-- RECORDED DATA follows --

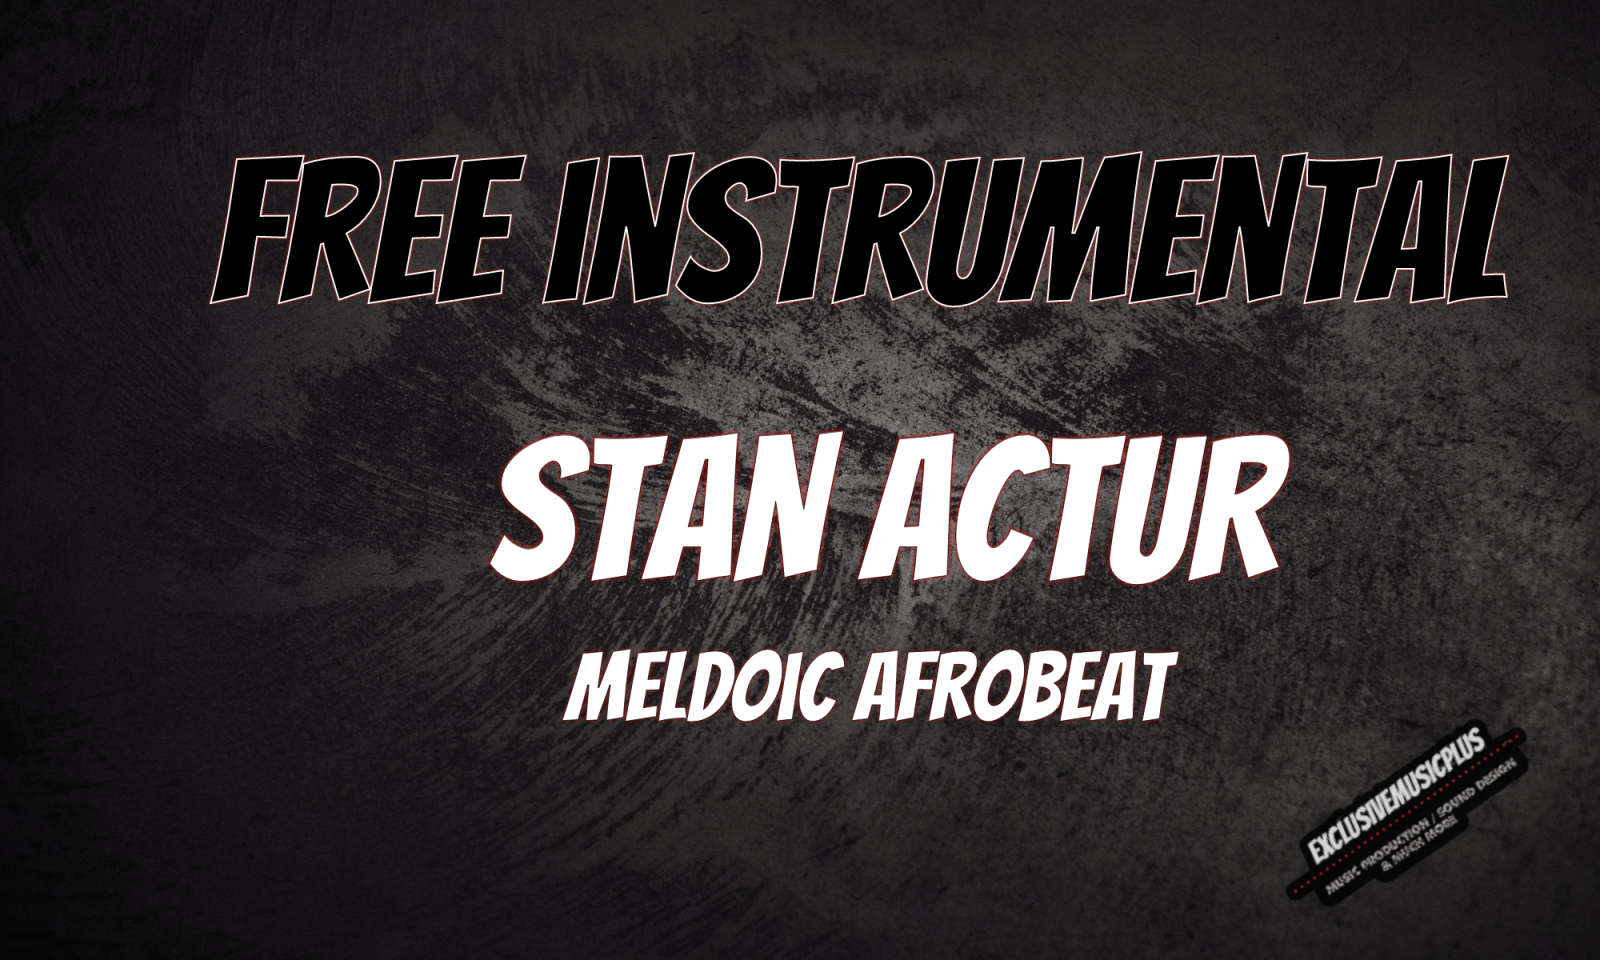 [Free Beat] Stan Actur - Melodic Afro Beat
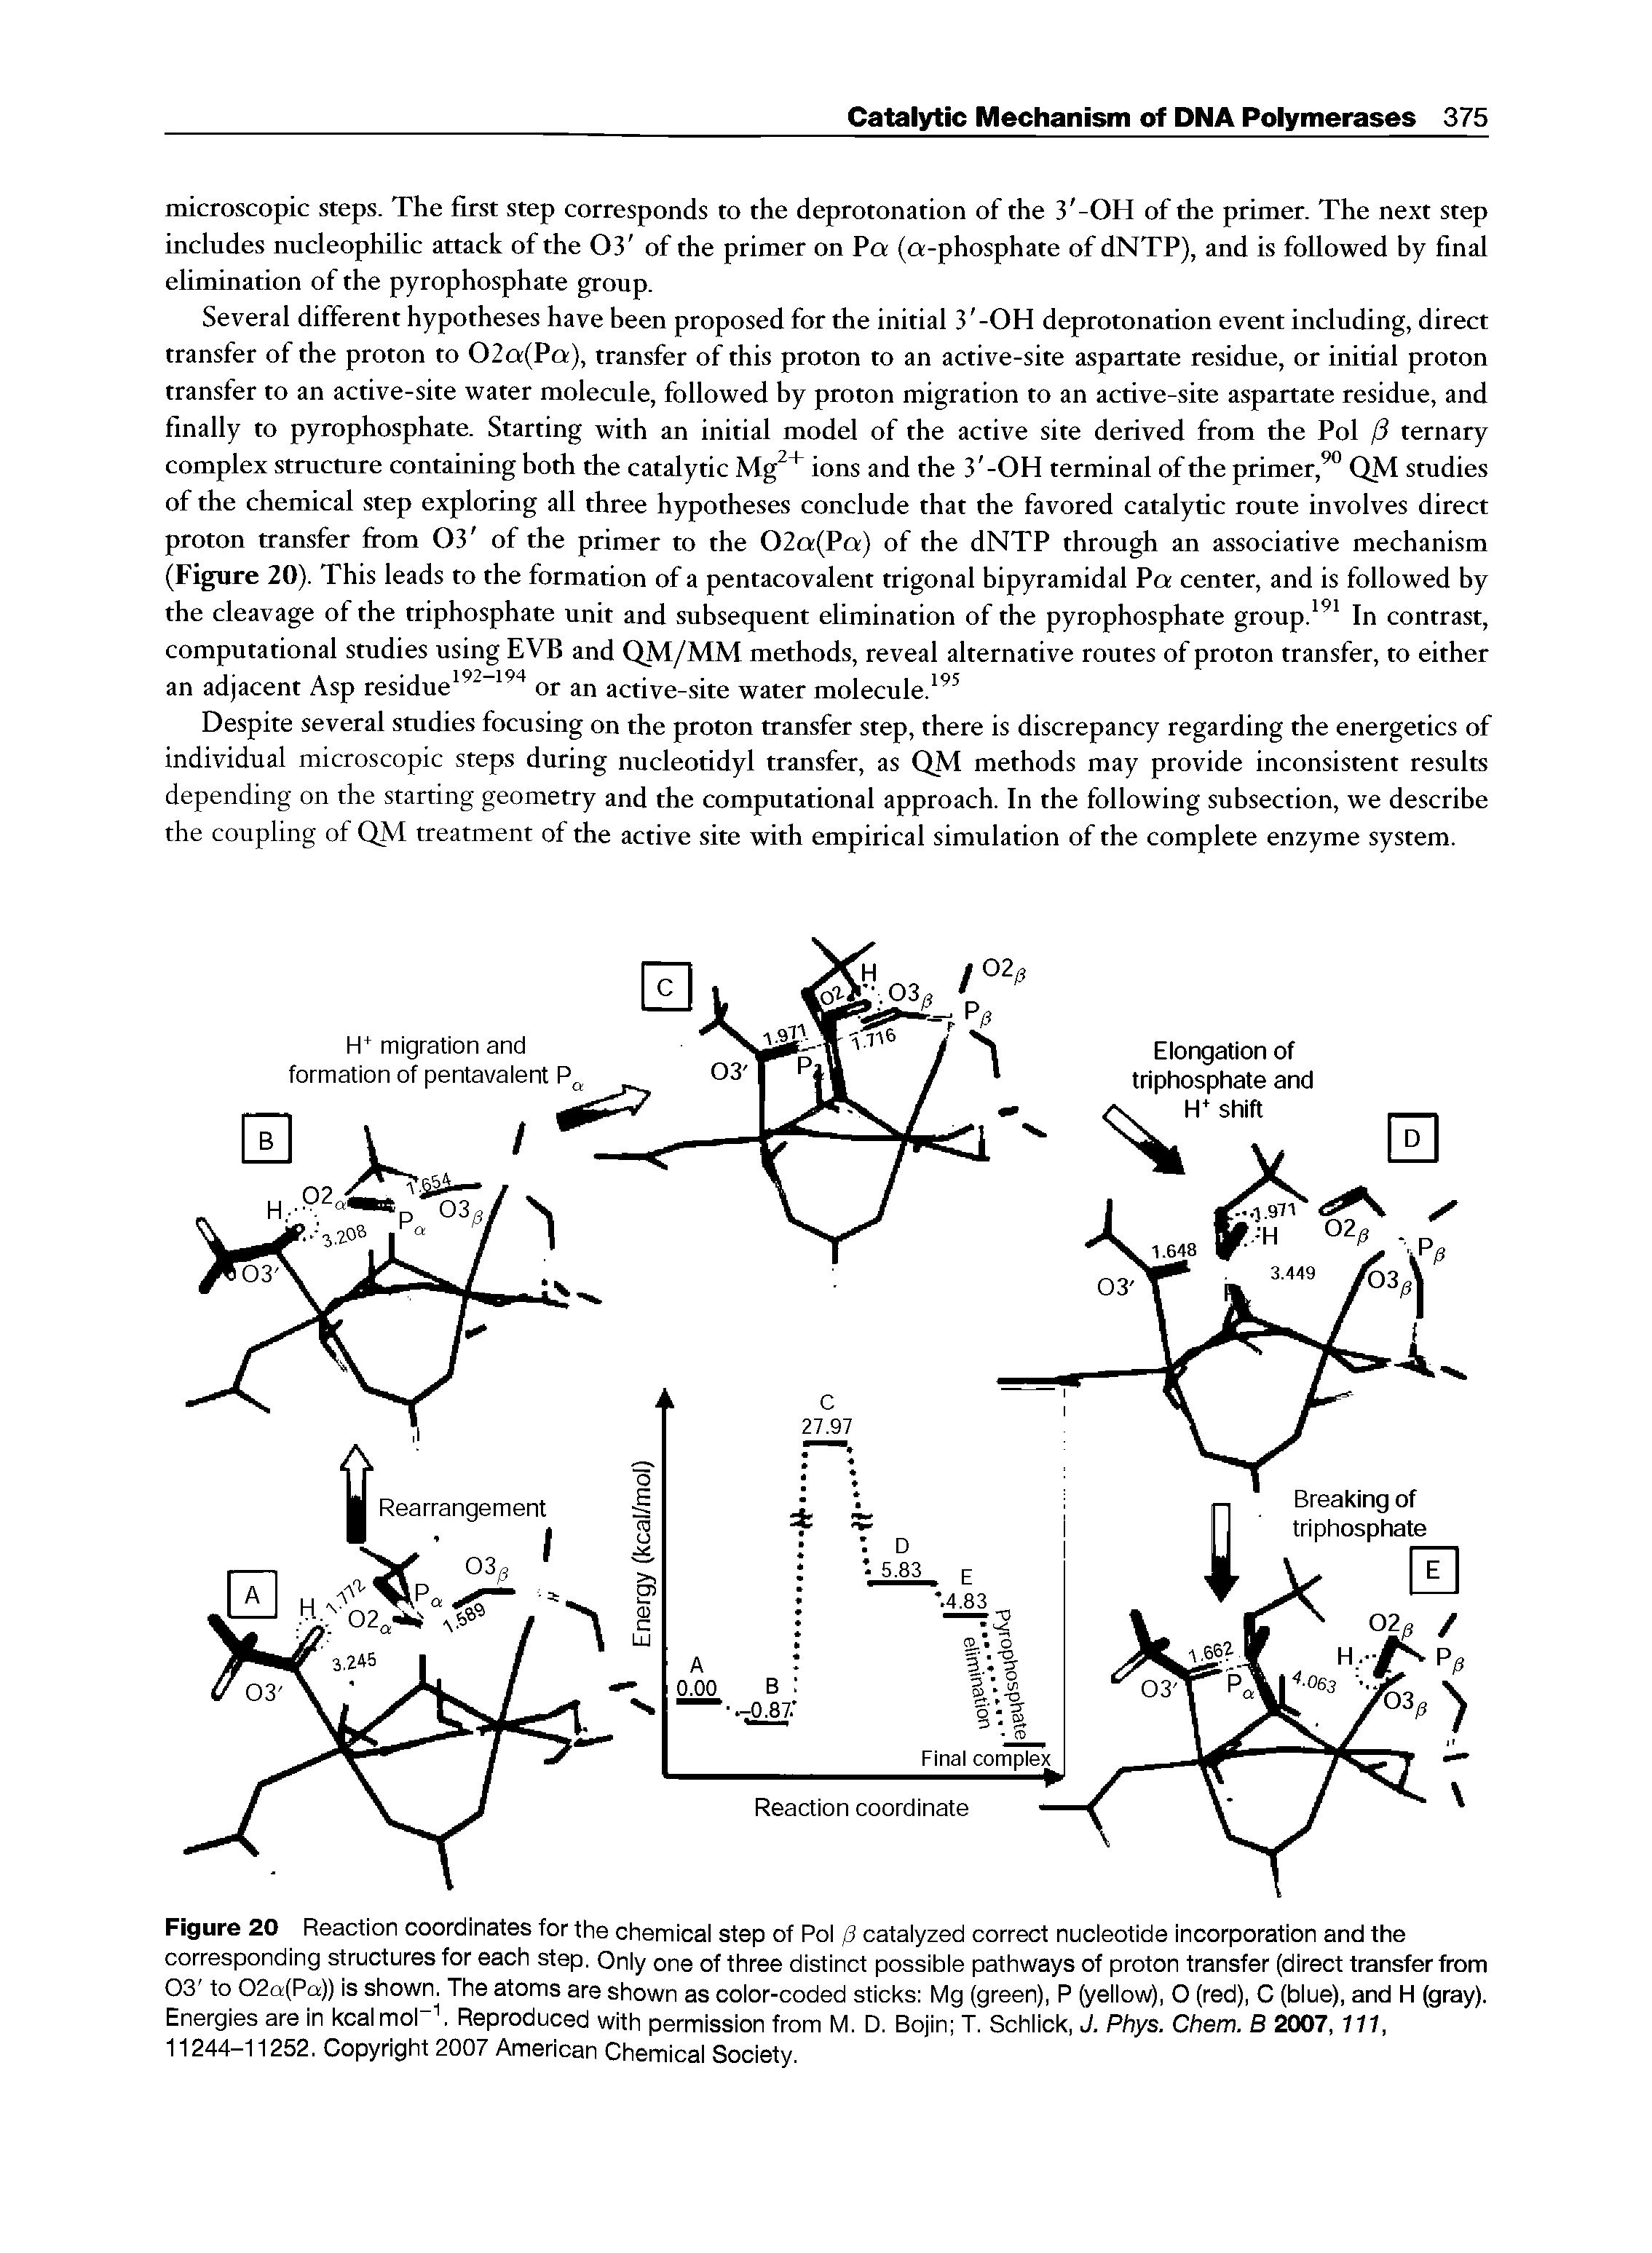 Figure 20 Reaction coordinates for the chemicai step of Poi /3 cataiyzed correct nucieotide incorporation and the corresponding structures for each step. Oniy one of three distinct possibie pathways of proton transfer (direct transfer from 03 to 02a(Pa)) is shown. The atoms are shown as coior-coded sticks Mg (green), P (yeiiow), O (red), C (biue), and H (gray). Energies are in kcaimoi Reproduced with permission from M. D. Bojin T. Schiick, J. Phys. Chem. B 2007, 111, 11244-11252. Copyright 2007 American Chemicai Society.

-- RECORDED DATA concluded --
-- RECORDED DATA follows --

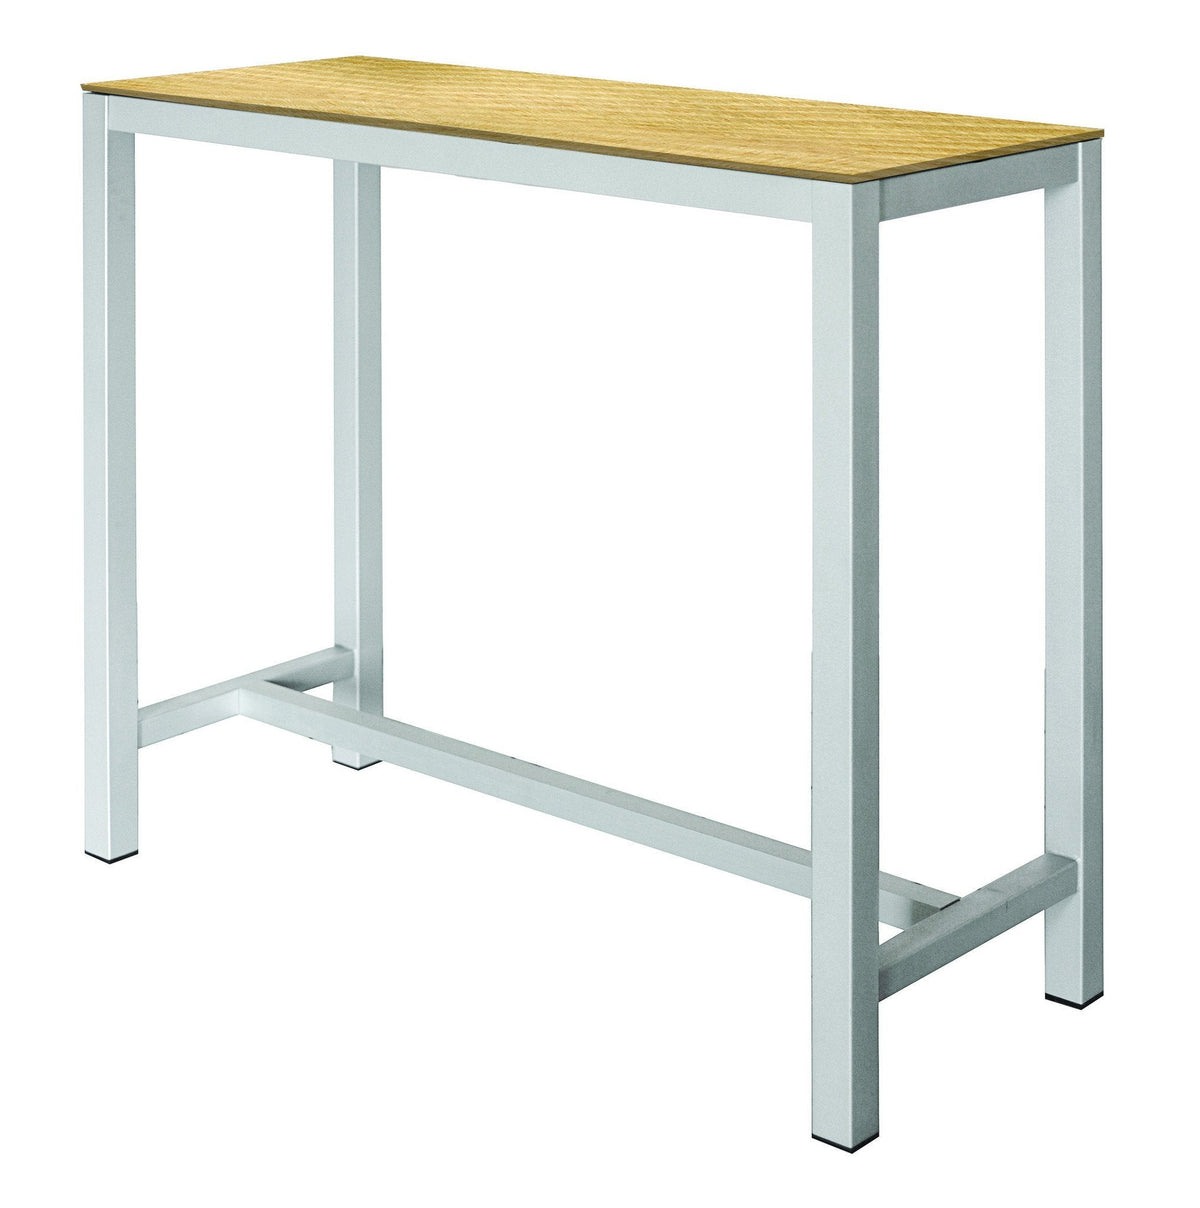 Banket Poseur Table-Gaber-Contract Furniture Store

-- RECORDED DATA concluded --
-- RECORDED DATA follows --

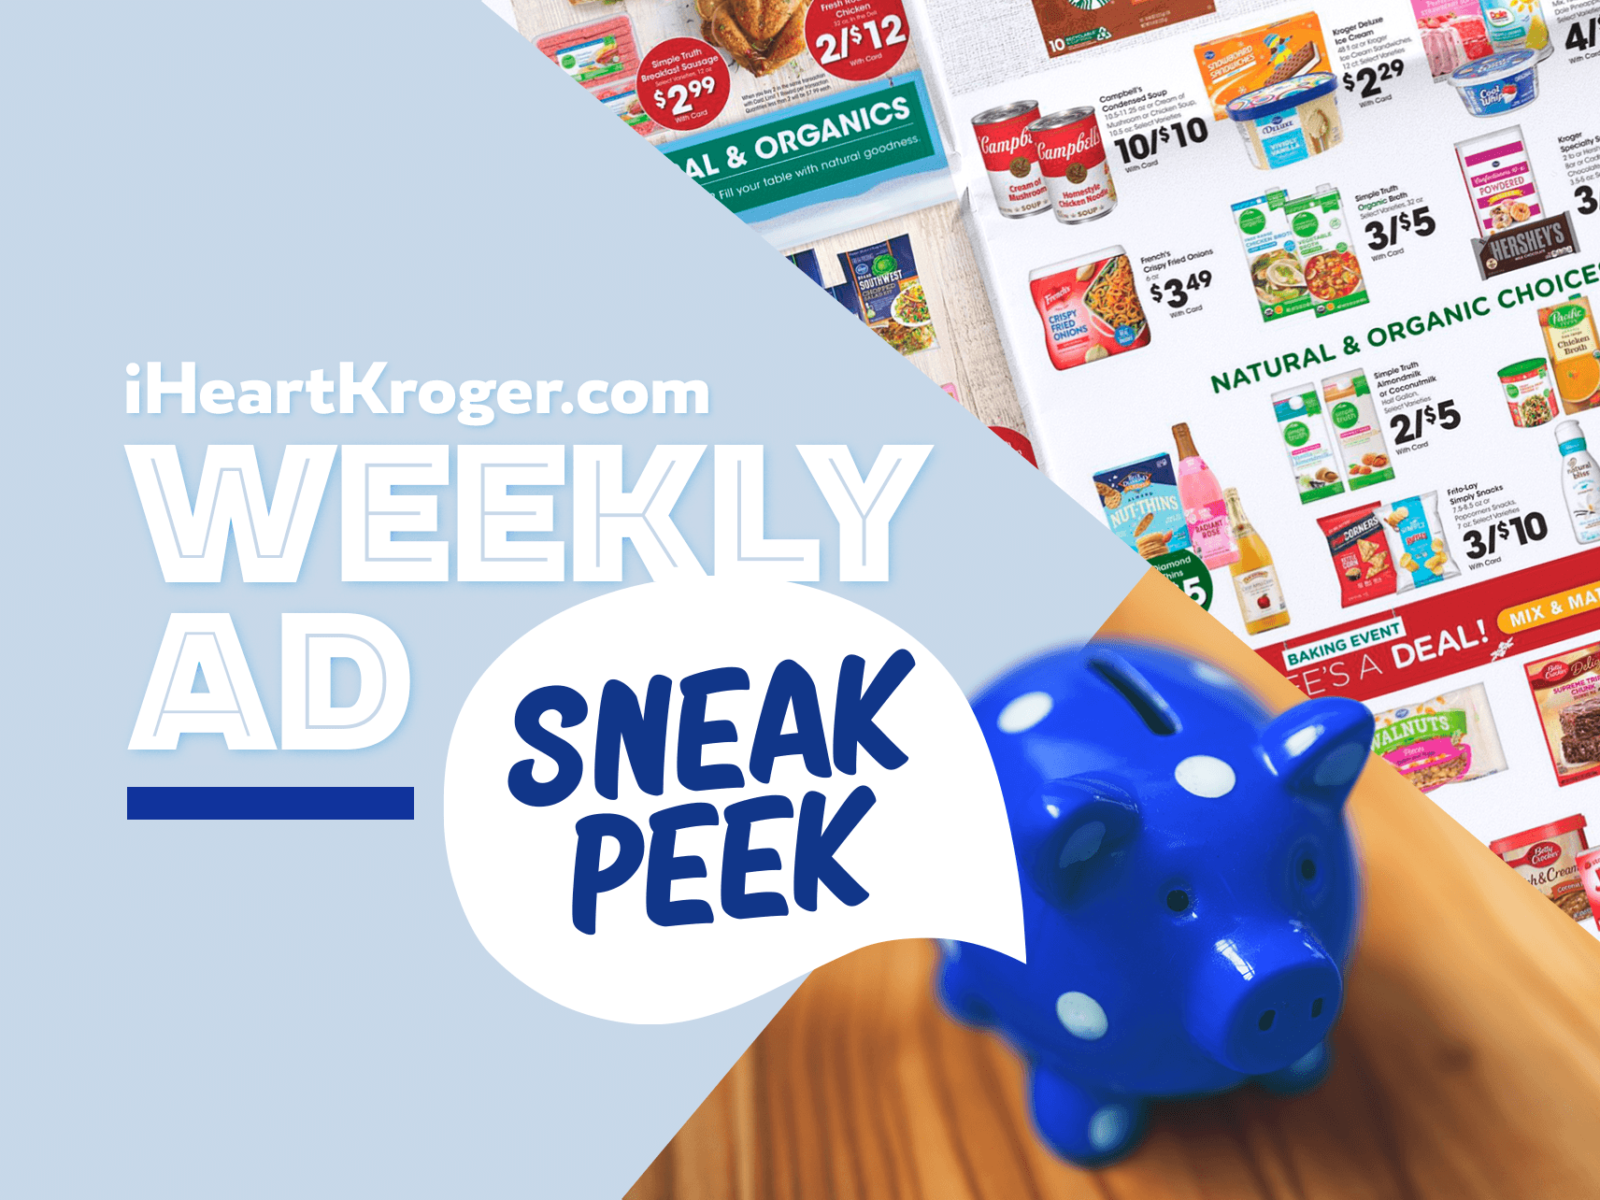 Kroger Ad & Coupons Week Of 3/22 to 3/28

-- RECORDED DATA concluded --

> [INSTRUCTIONS TO FOLLOW]: An exact copy is needed. It runs from the line above containing "[Free Beat] Stan Actur - Melodic Afro Beat" down to the line containing "Figure 20 Reaction", both included, with no pictures.

> [THE ANSWER]:
 [Free Beat] Stan Actur - Melodic Afro Beat
 Figure 20 Reaction coordinates for the chemicai step of Poi /3 cataiyzed correct nucieotide incorporation and the corresponding structures for each step. Oniy one of three distinct possibie pathways of proton transfer (direct transfer from 03 to 02a(Pa)) is shown. The atoms are shown as coior-coded sticks Mg (green), P (yeiiow), O (red), C (biue), and H (gray). Energies are in kcaimoi Reproduced with permission from M. D. Bojin T. Schiick, J. Phys. Chem. B 2007, 111, 11244-11252. Copyright 2007 American Chemicai Society.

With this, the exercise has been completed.